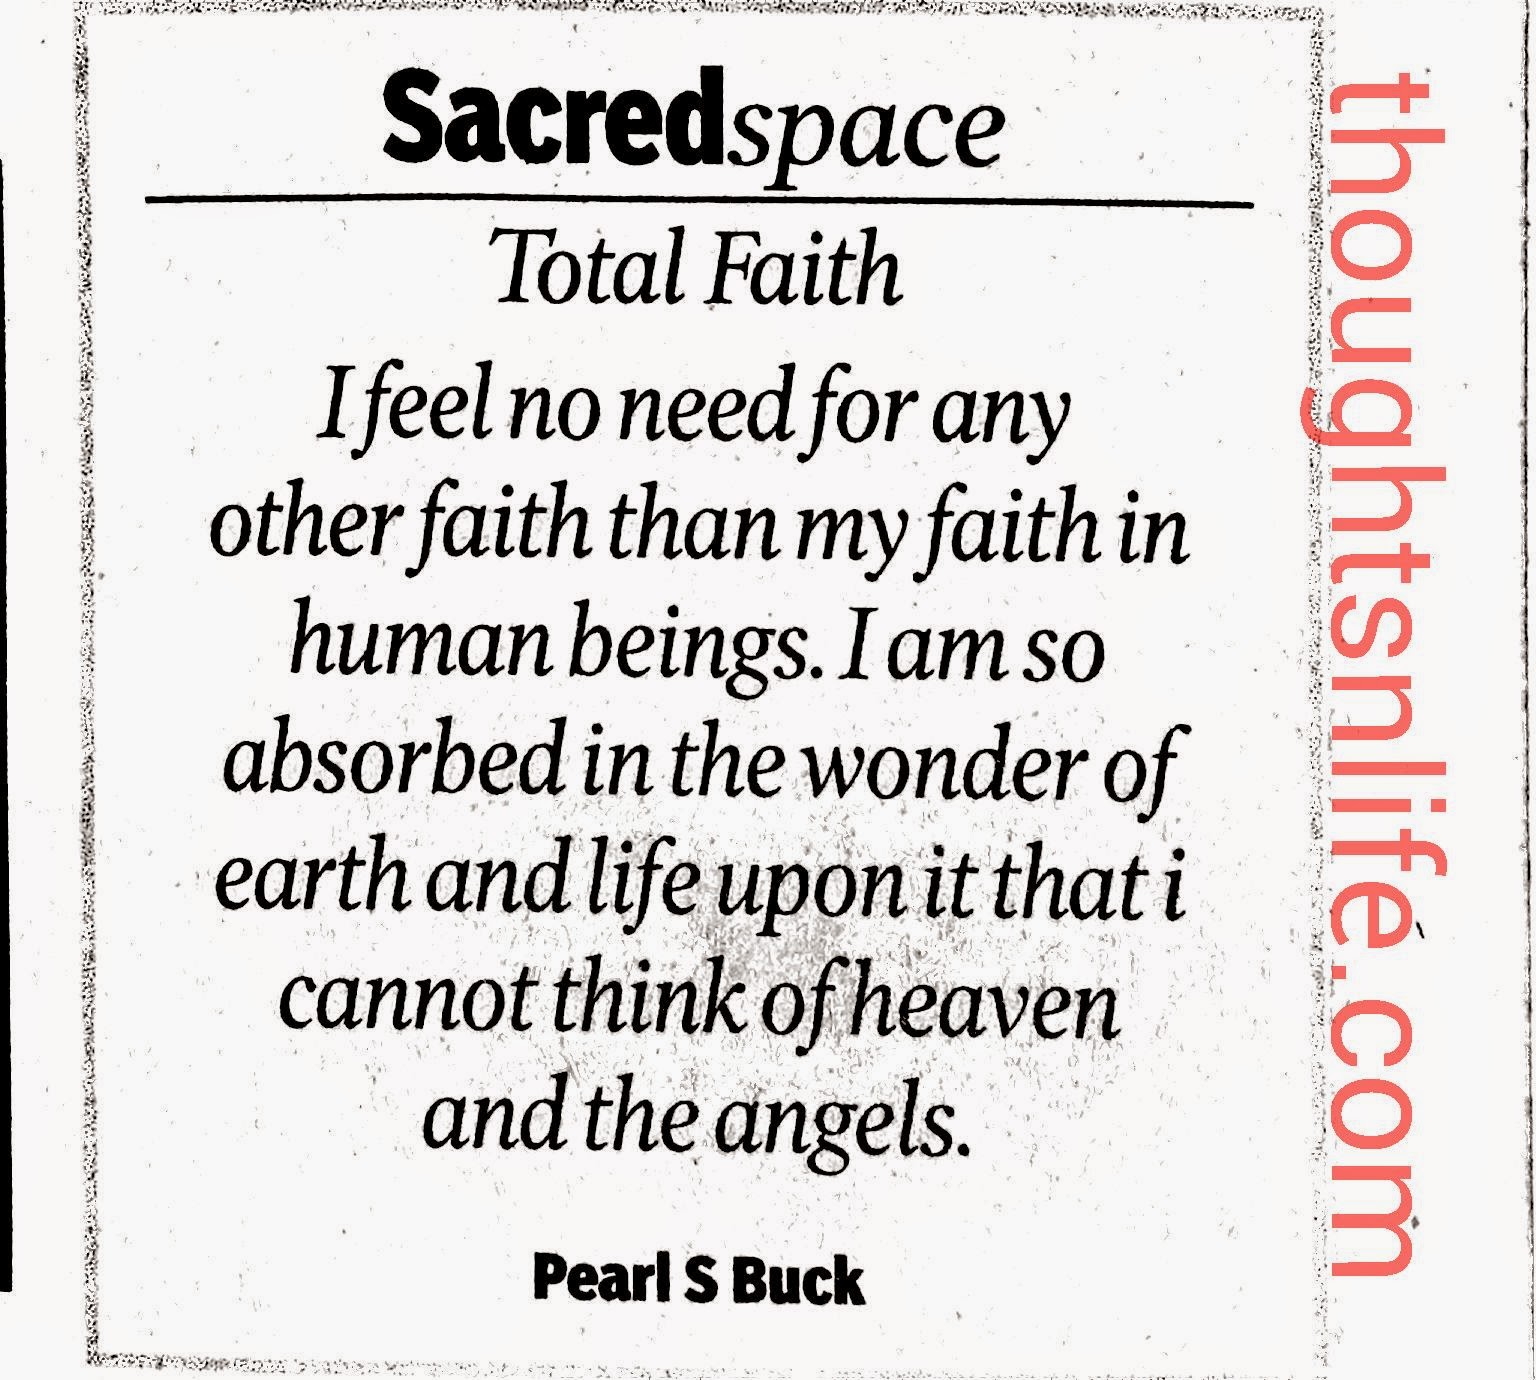 Thoughtsnlife.com:Total Faith - I feel no need for any other faith than my faith in human beings. I am so absorbed in the wonder of earth and life upon it that i cannot think of heaven and angels. ~ Pearl S Buck
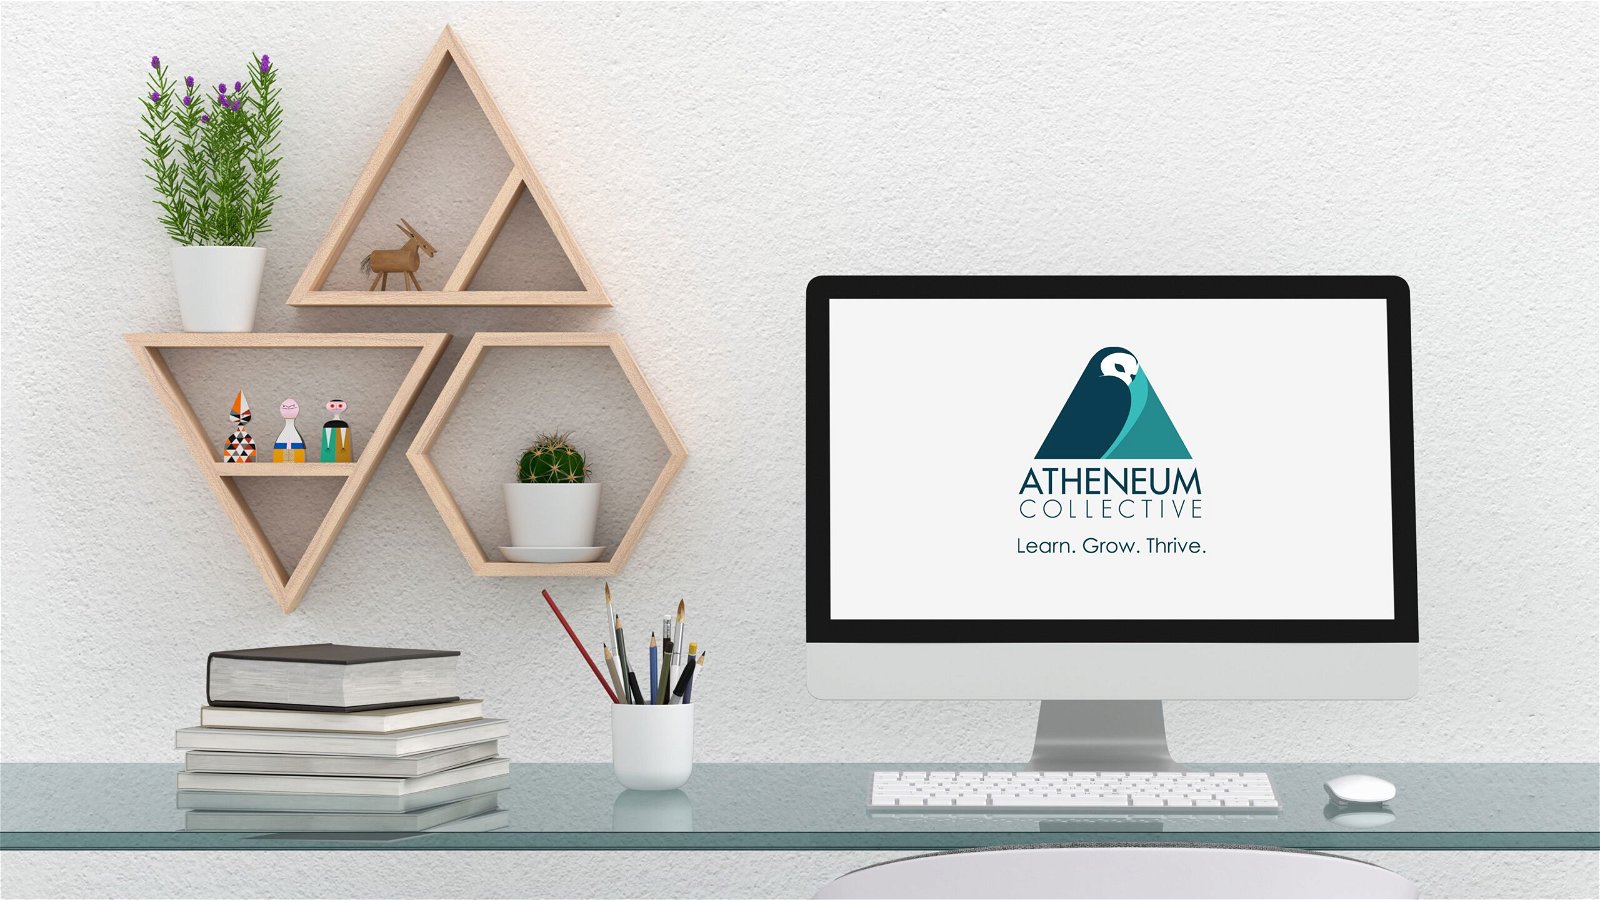 My main business:   Atheneum Collective
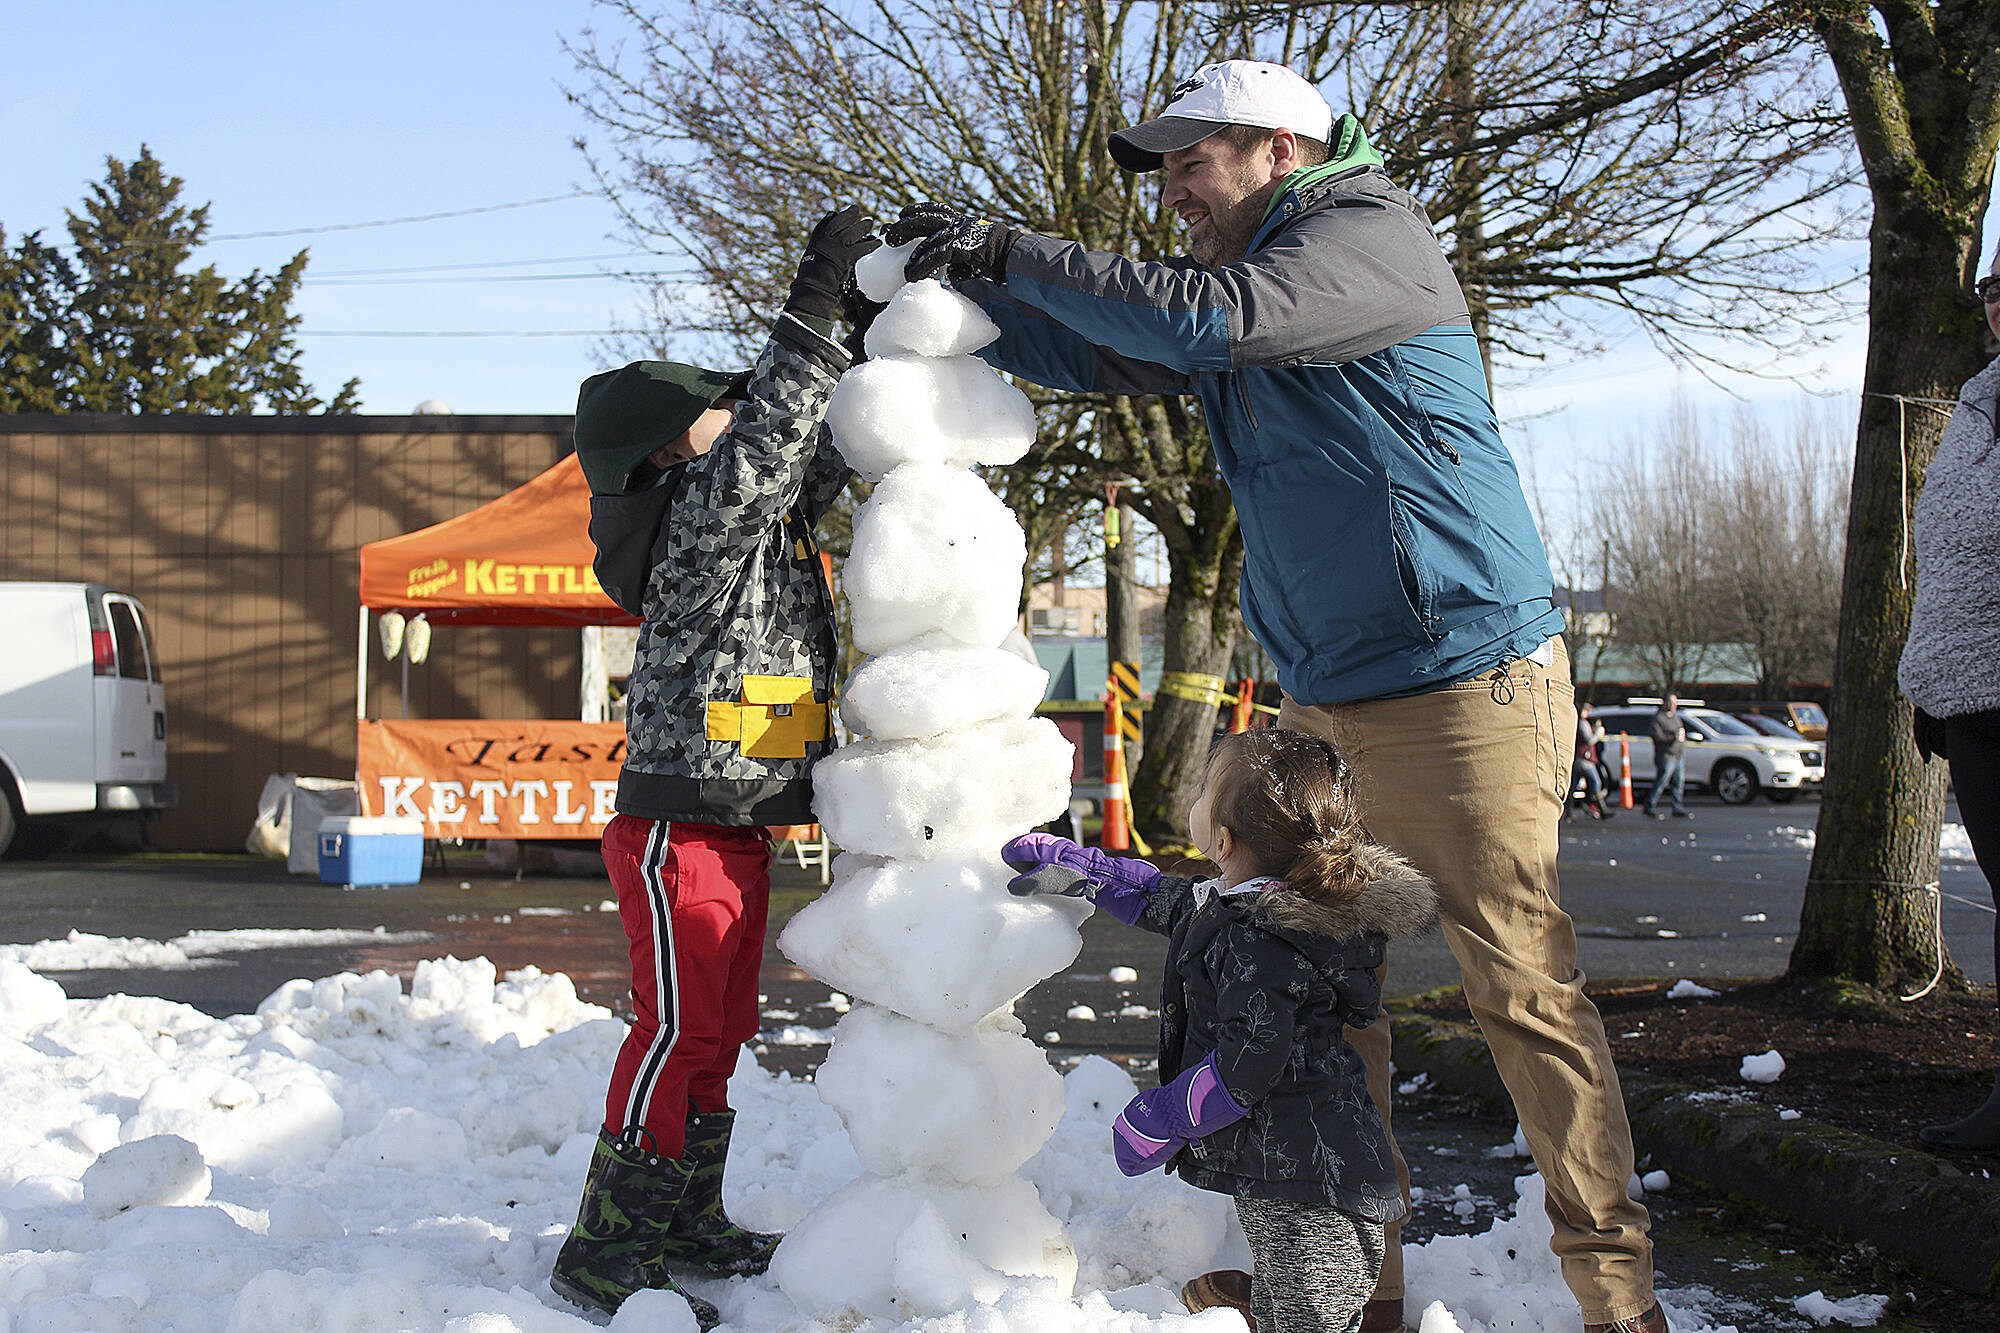 Pictured are kids and families enjoying last year's snow play day. Photos by Ray Miller-Still
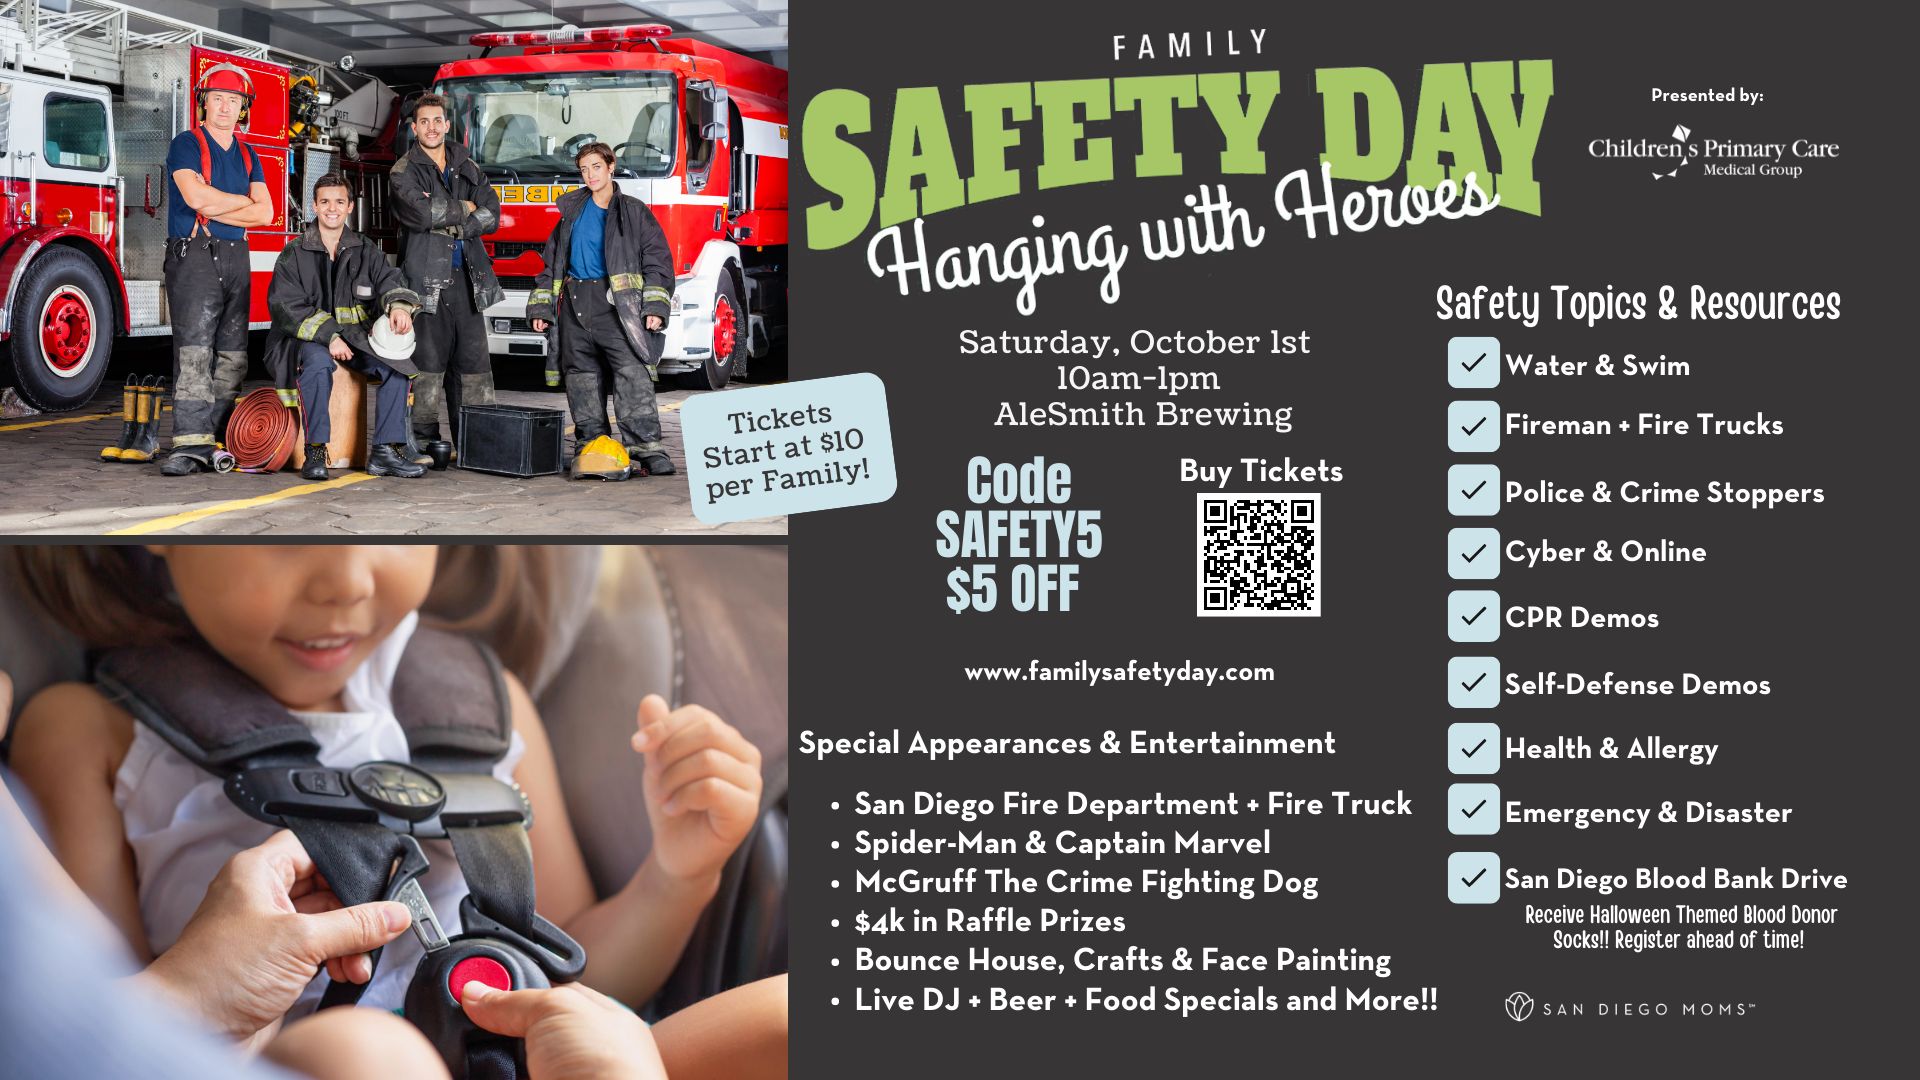 Family Safety Day, Saturday, October 1, 2022 from 10am-1pm at AleSmith Brewing, San Diego, California, United States

* [WHAT THIS TASK INVOLVES]: Write out every line above exactly as it is, leaving out the pictures.

* [RESULT FOR THIS EXERCISE]:
 Thoughtsnlife.com:Total Faith - I feel no need for any other faith than my faith in human beings. I am so absorbed in the wonder of earth and life upon it that i cannot think of heaven and angels. ~ Pearl S Buck
 My main business:   Atheneum Collective
 Pictured are kids and families enjoying last year's snow play day. Photos by Ray Miller-Still
 Family Safety Day, Saturday, October 1, 2022 from 10am-1pm at AleSmith Brewing, San Diego, California, United States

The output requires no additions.